[AIM OF THE EXERCISE] The answer is to be an exact copy of the lines below running from the line with "Jaringan resistor yang disederhanakan" down to the line with "Zentauren Nessus schlägt.", both ends included, and nothing more.

[RECORDS FOR THE TASK]
'''
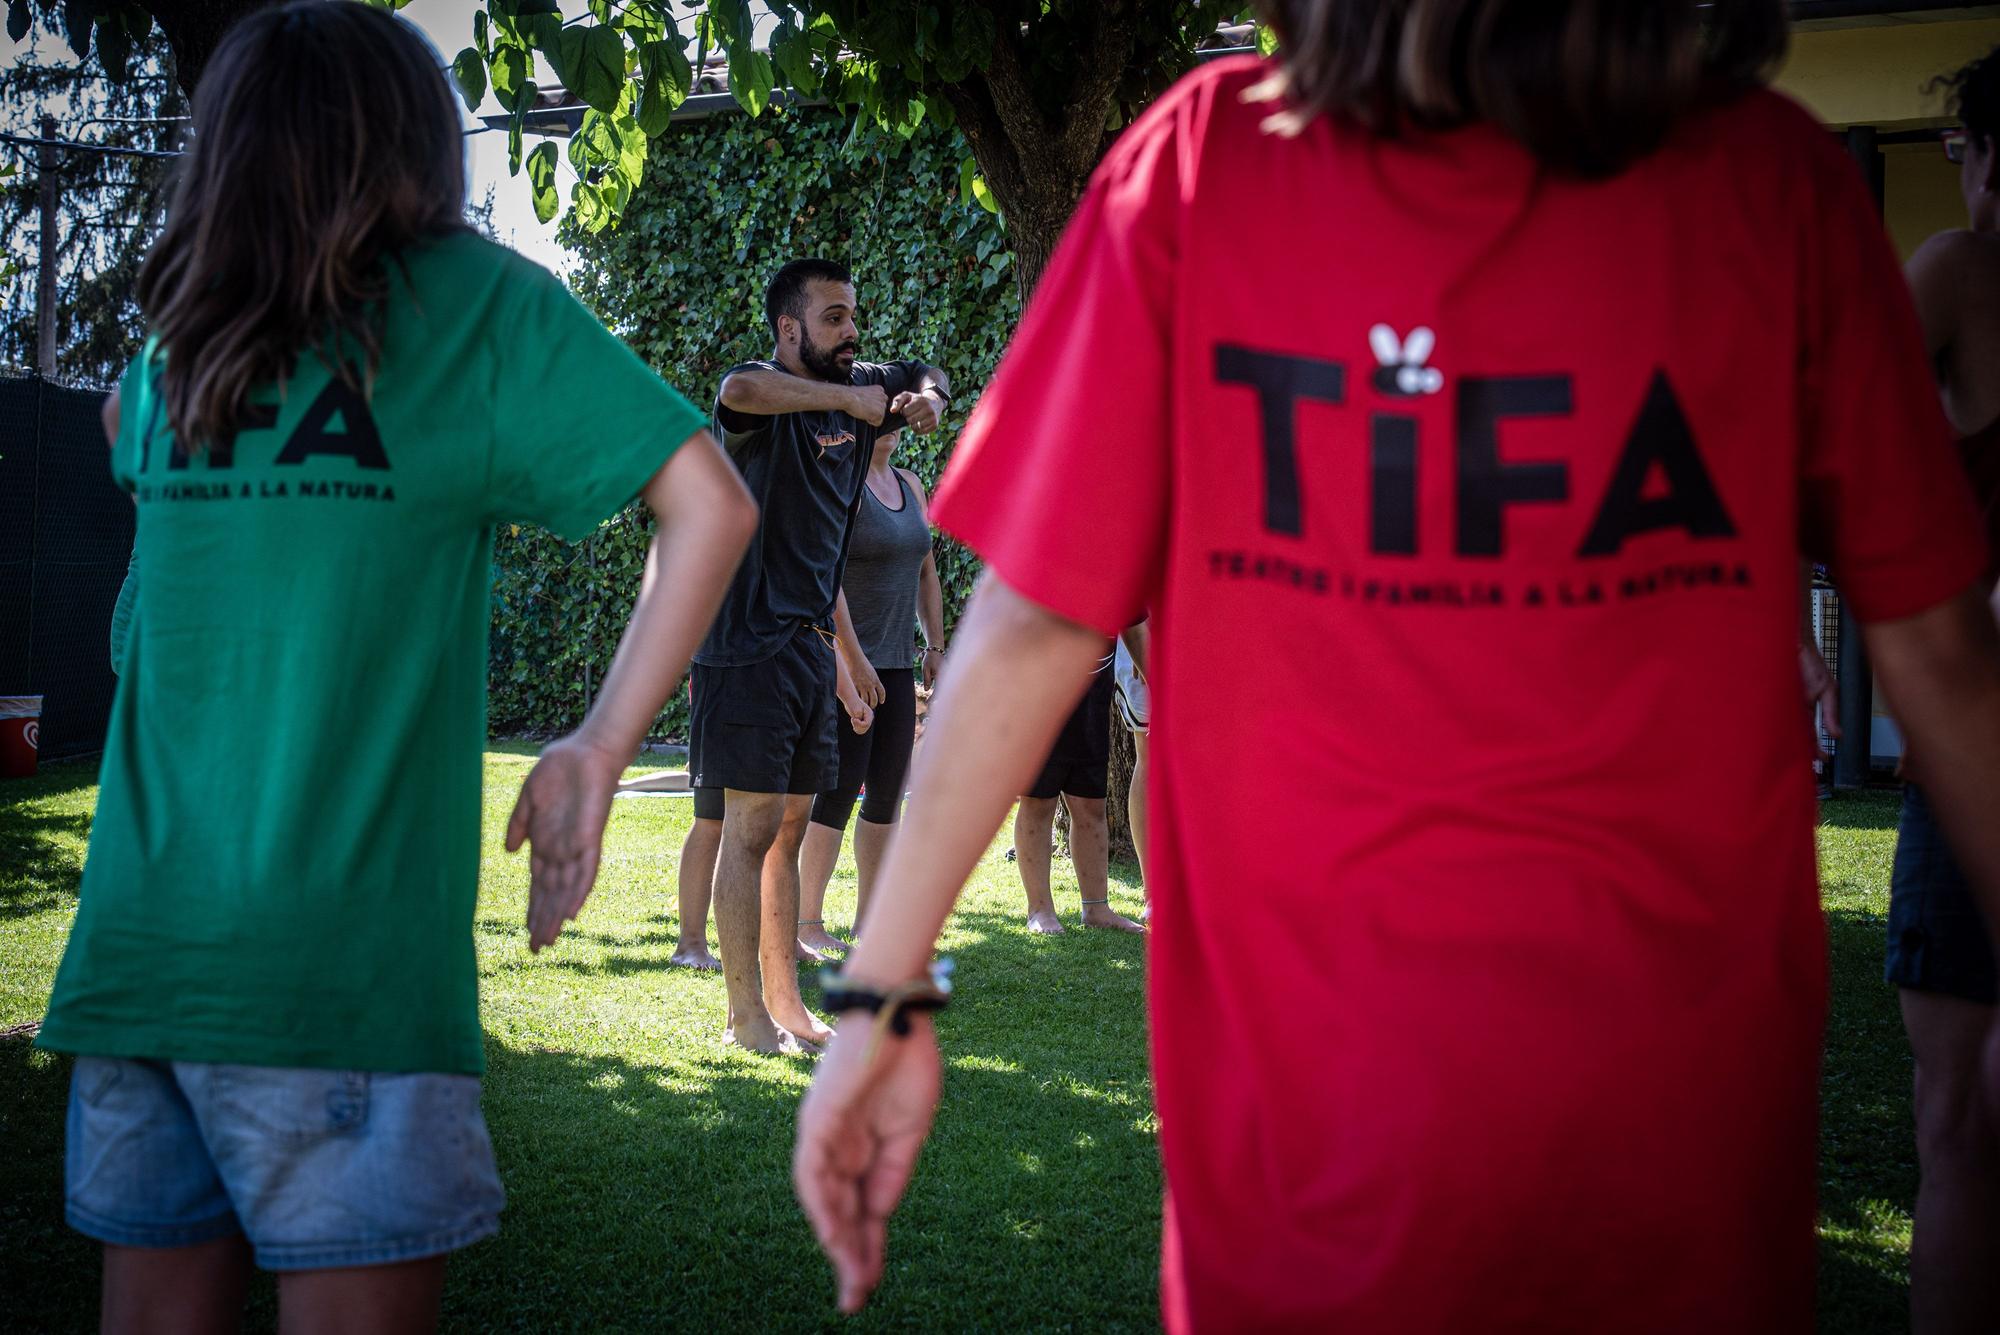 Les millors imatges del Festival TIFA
'''
'''
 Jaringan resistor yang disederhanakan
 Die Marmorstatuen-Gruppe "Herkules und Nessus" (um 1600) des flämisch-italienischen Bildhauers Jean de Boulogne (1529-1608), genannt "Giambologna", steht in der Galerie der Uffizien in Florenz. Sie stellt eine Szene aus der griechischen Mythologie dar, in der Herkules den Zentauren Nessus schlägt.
'''
[SOLUTION TO THE EXERCISE]
 Jaringan resistor yang disederhanakan
 Die Marmorstatuen-Gruppe "Herkules und Nessus" (um 1600) des flämisch-italienischen Bildhauers Jean de Boulogne (1529-1608), genannt "Giambologna", steht in der Galerie der Uffizien in Florenz. Sie stellt eine Szene aus der griechischen Mythologie dar, in der Herkules den Zentauren Nessus schlägt.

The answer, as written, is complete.